Thanks for posting OP!


----------



## marshmasterpat (Jun 26, 2013)

Frustrateddrone - I feel for you, the SHB can sure sneak up on you. I do the cut outs at the location on everything. Place combs in a nuc and come back after dark. Learned that from JPthebeeman videos. Leave all the junk comb and debris at the location in a trash can there or place in a plastic tied shut bag at my house. Black plastic bag left in the summer sun will kill most anything. 

Owl and Duck nest boxes seem to have lots of debris in them like Chuck said. I would bet between the disturbance and loss of some bees those larvae in the bottom of the box went crazy. Maybe wrong, but seem feasible. 

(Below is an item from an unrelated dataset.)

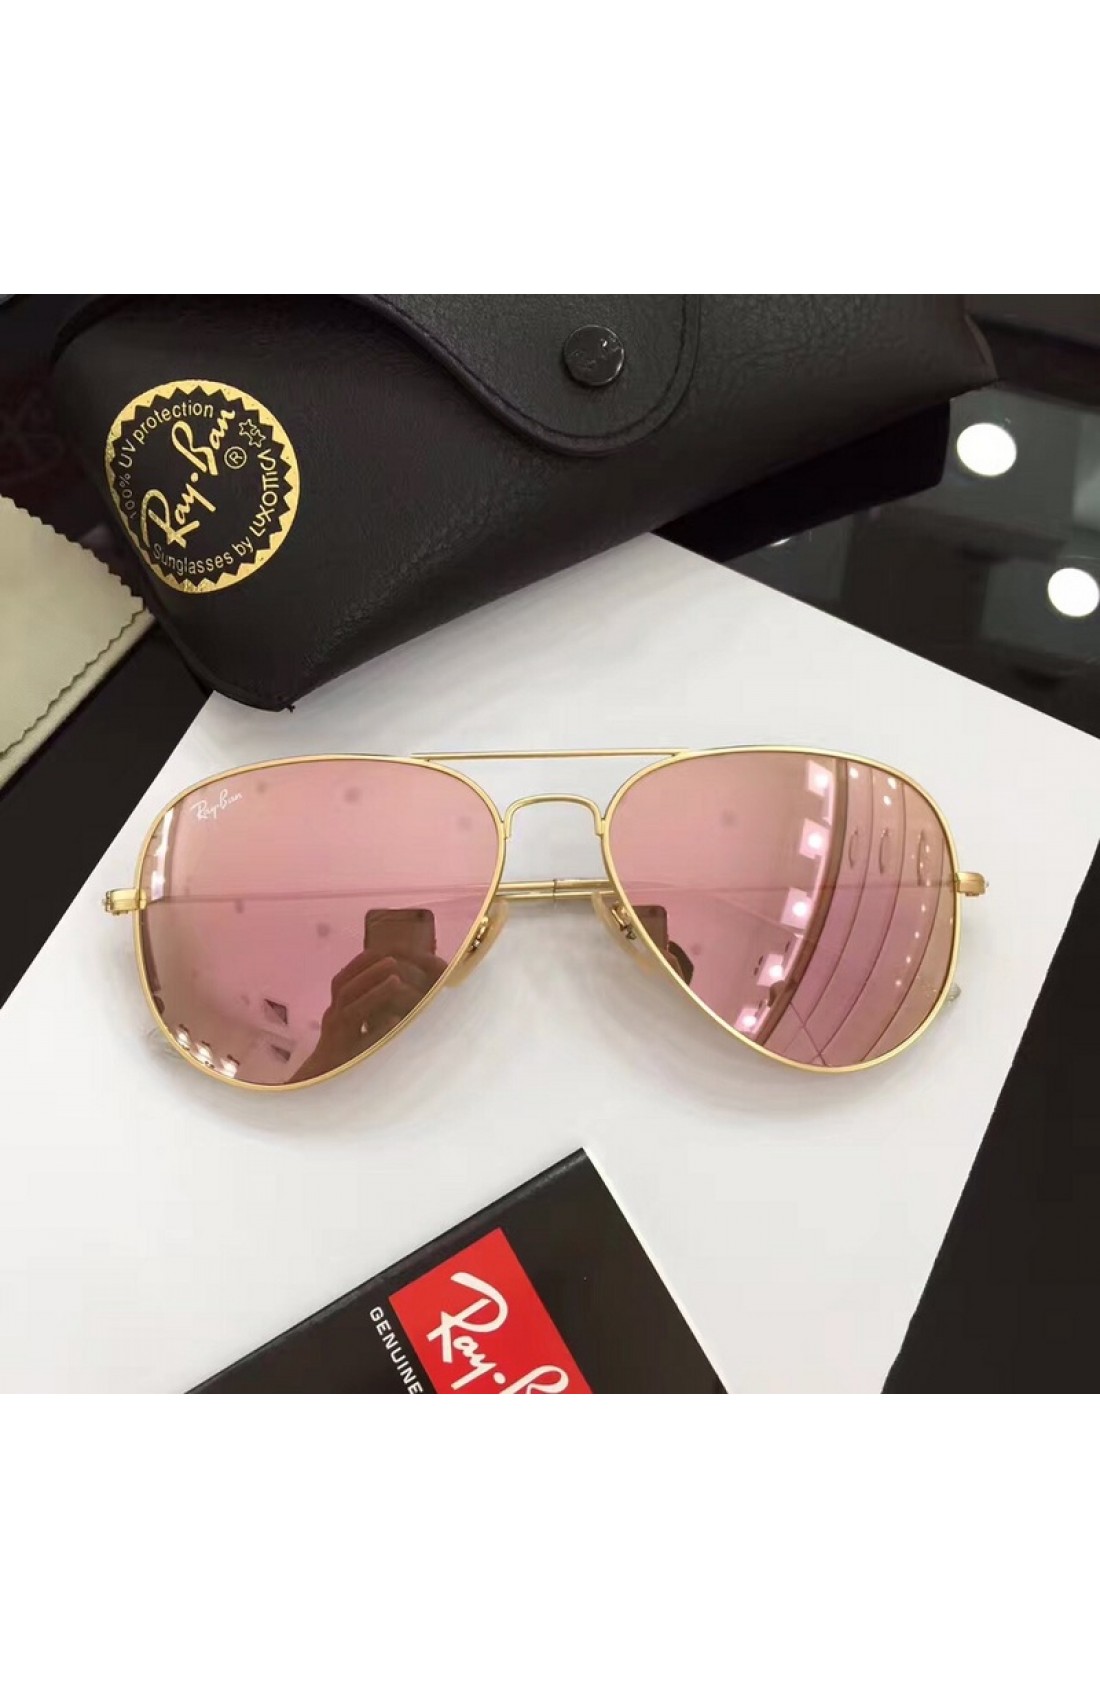 Ray Ban aviator Sunglasses Pink

I have even framed up capped honey and pollen in rubber bands from cut outs. Good comb with no brood or no honey is cut to fit frames size as well. I have a plastic tote with a wooden frame I place all the new framed stuff in and holds them in place like a hive till I get home. I place all that in the freezer for a few days and handle it gently when taking it out. Comb is valuable for me. Drone brood is tossed and new comb with honey is usually bucketed for feeding to the yard. 

But might be worth me reconsidering my technique, in some ways you might have been lucky to just brought those SHB pests back. Could be worse I guess with something like foul brood. Good advice, thanks and good luck


----------